First published: 1979

Type of plot: Realism

Time of work: The 1960’s and the 1970’s

Locale: Homochitto County, Mississippi

Principal Characters:

  • Alan McLaurin, the protagonist, a young white man returning home to Mississippi after spending time in the North
  • Miriam West, Alan’s Northern girlfriend who is visiting him in Mississippi
  • Phoebe Chipman, Alan’s cousin who was killed in an automobile accident when they were teenagers and who was the only true love of Alan’s life
  • Dallas Boykin, a friend of Alan from childhood who has remained in Mississippi working as a laborer and who resents Alan’s not having fought in Vietnam
  • Sam Daniels, a black man and a good friend of Alan; he oversees the family’s country place
  • Leila McLaurin, Alan’s free-spirited aunt; she has had an affair with Sam

The Novel

Ellen Douglas tells the story of the emergence of a new South. She also tells about a local Mississippi boy who comes home to discover that new South and to discover the truth about the past. The novel opens with Alan McLaurin making his way back home to Mississippi after having spent a number of years in the Northeast. Hitchhiking, he is picked up by a carload of blacks. Marveling at the changes, he explains that he has been away from Homochitto County, Mississippi, for a number of years, but that now he is home to settle down on his family’s land in the country. Having quit his job in a sugar refinery and separated from his live-in girlfriend, Miriam West, Alan has left Boston to “live on the land” and write poetry. A conscientious objector who did not serve in the Vietnam War, Alan had left home to go to school in the North. He had left behind a South in racial and social turmoil and now has returned home to discover what is left of the land that he abandoned.

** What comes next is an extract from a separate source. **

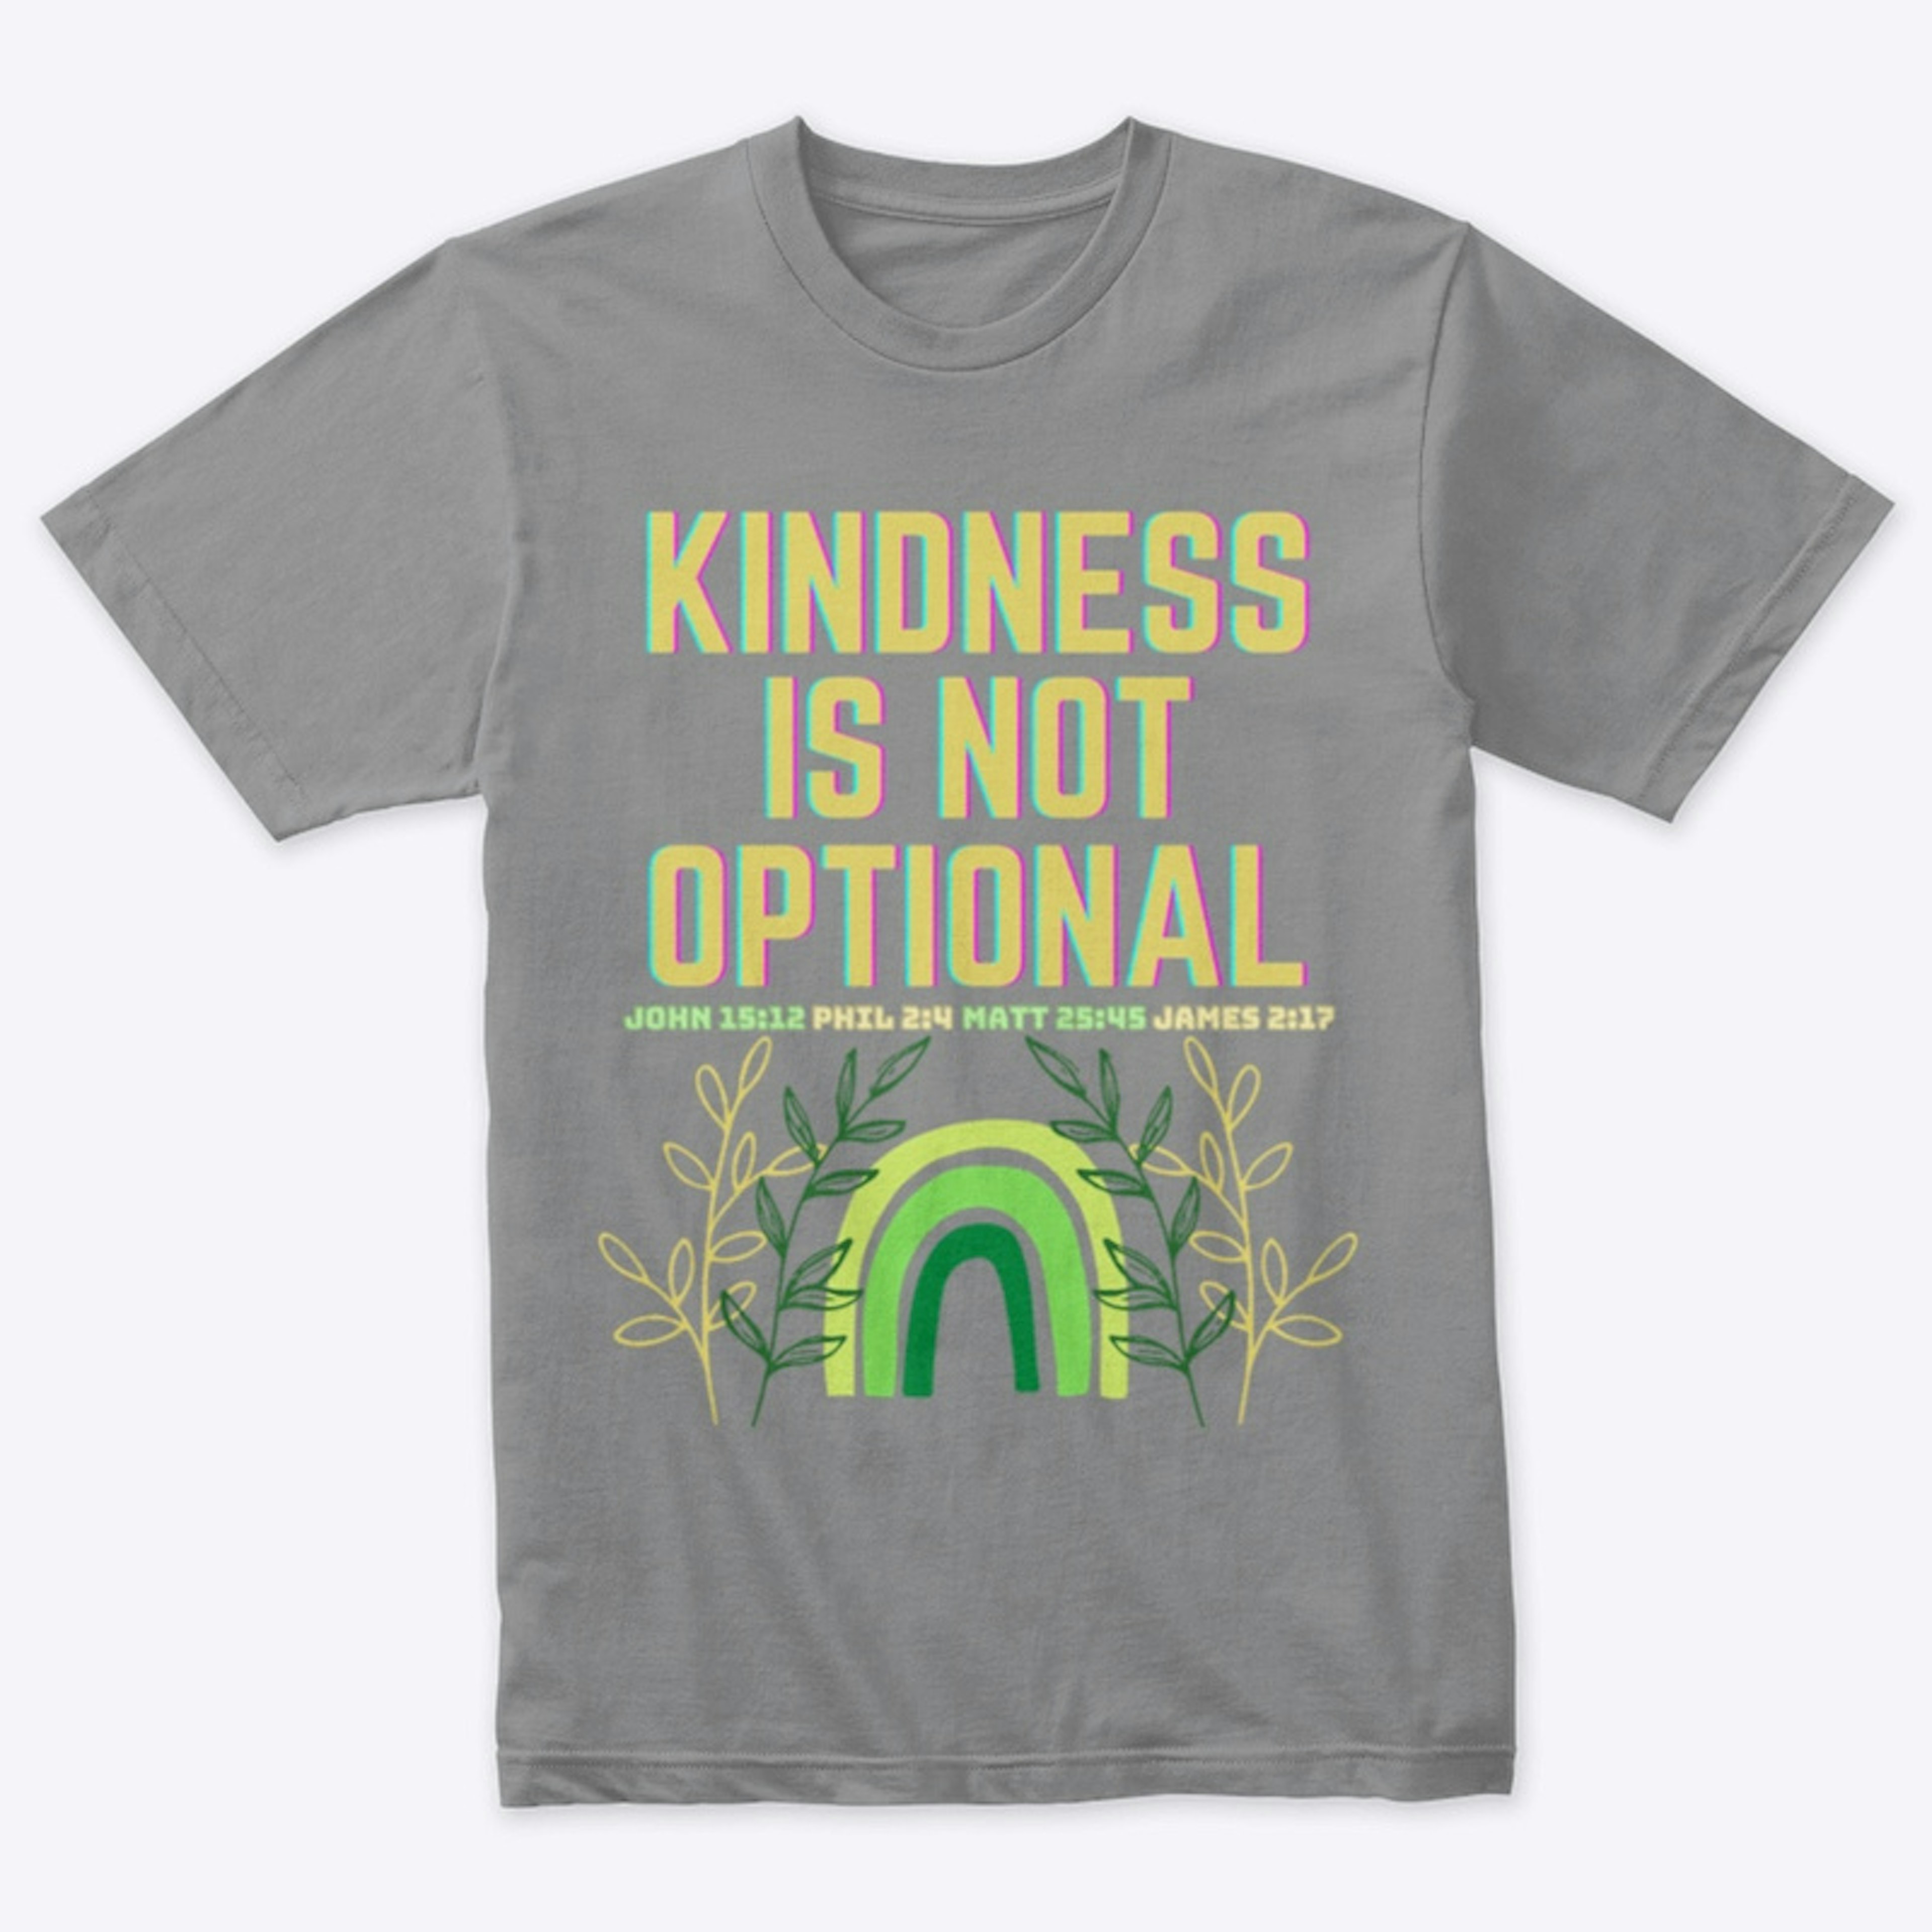 Kindness is not optional

The discovery process provides a framework for the novel’s action. Told as a recollection by Alan, the writer, several years after the events in the novel have taken place, the novel moves as a first-person account from the narrator’s present back to the events in the novel and even back to the 1960’s. The novel is also a discovery process for the reader, for not until the book’s end do the pieces of the puzzle fit together.

After arriving at the family place, Alan becomes reacquainted with Sam Daniels, the black caretaker of the family land, and catches up on events in the community. As each character is introduced, there are flashbacks to past events that put the characters in perspective. In Sam’s case, she describes him as a stubborn man, living right on the edge of danger during the turbulent 1960’s. Sam has been integral to the McLaurin family for years; he has tended the family land, has had a love affair with Alan’s Aunt Leila McLaurin, and has driven the car in which Alan’s cousin, Phoebe Chipman, was killed. Douglas then goes on to describe Phoebe’s accident. Her death haunts Alan throughout the novel and ultimately leads to his own violent action. Furthermore, his present girlfriend, Miriam, bears a striking resemblance to Phoebe. The reader learns at this point in the novel that Phoebe was killed in an accident in which Sam drove with her down a gravel road not far from home. Sam vaguely recollects rocks striking the windshield, temporarily blinding him, and making him run off the road. This one incident sends out tendrils to nearly every other event in the novel. In one sense, the entire book is about Alan’s search for the true nature of this accident.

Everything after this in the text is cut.